#### Task to carry out:
When you reach the line in the listing below that contains "Rework North Face Crop Sweatshirt - XL", begin returning lines exactly as written, and stop after the line that contains "STAPLE INN BUILDING, HIGH". Return no other lines.

#### Material for this task:

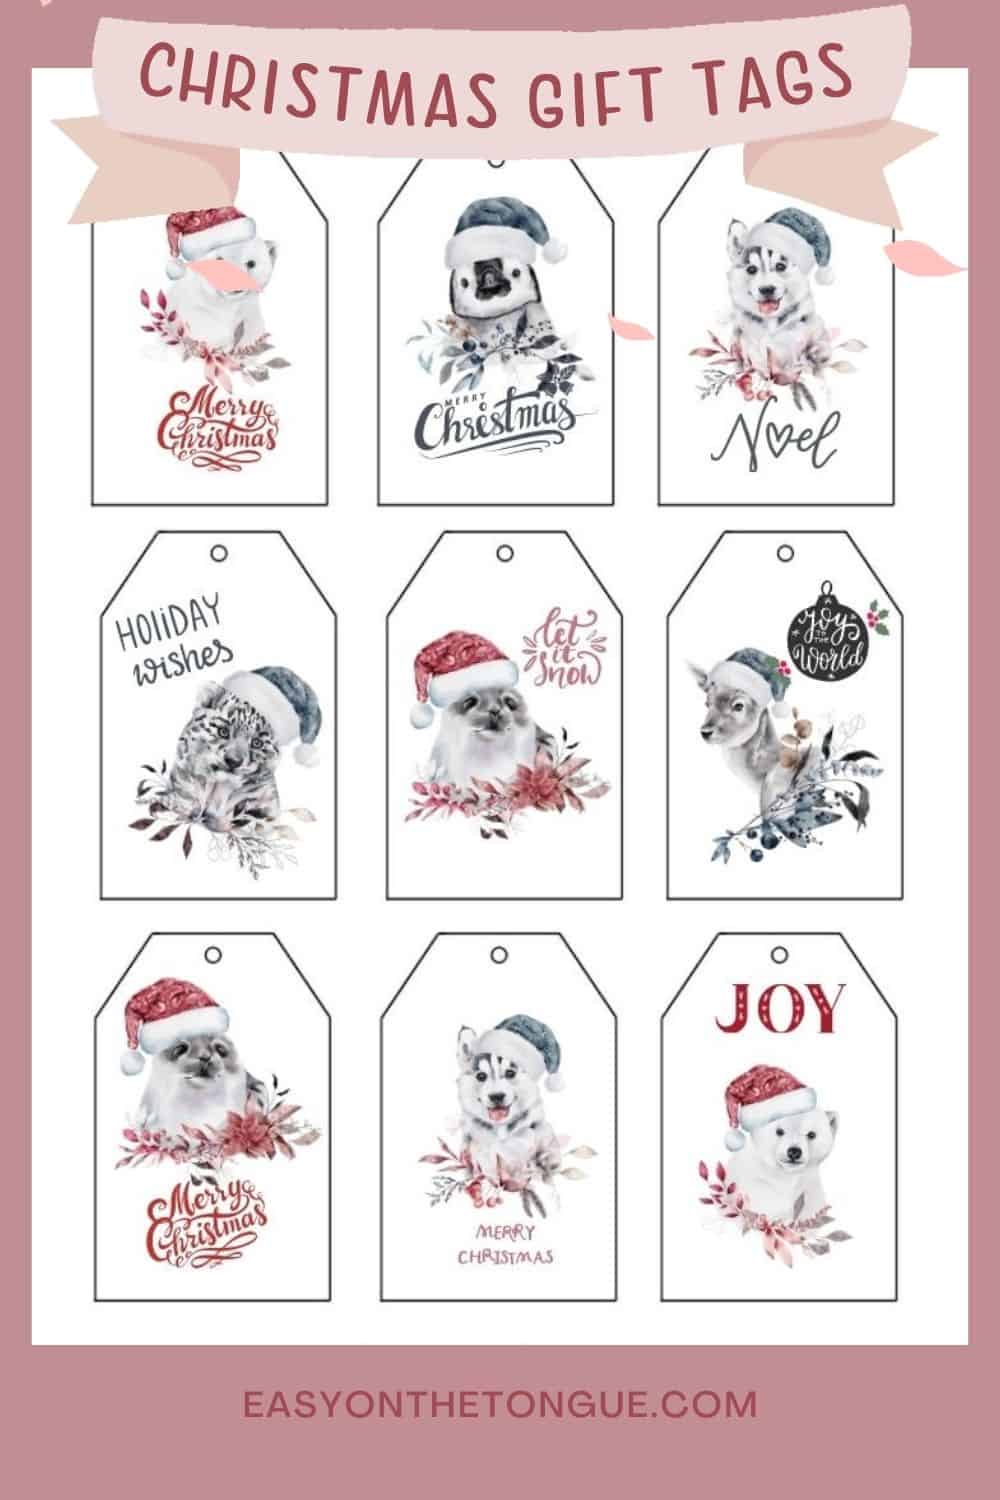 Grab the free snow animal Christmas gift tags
--
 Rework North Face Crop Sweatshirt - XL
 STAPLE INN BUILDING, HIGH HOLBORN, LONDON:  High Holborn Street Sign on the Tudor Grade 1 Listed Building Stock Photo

#### Exercise solution:
 Rework North Face Crop Sweatshirt - XL
 STAPLE INN BUILDING, HIGH HOLBORN, LONDON:  High Holborn Street Sign on the Tudor Grade 1 Listed Building Stock Photo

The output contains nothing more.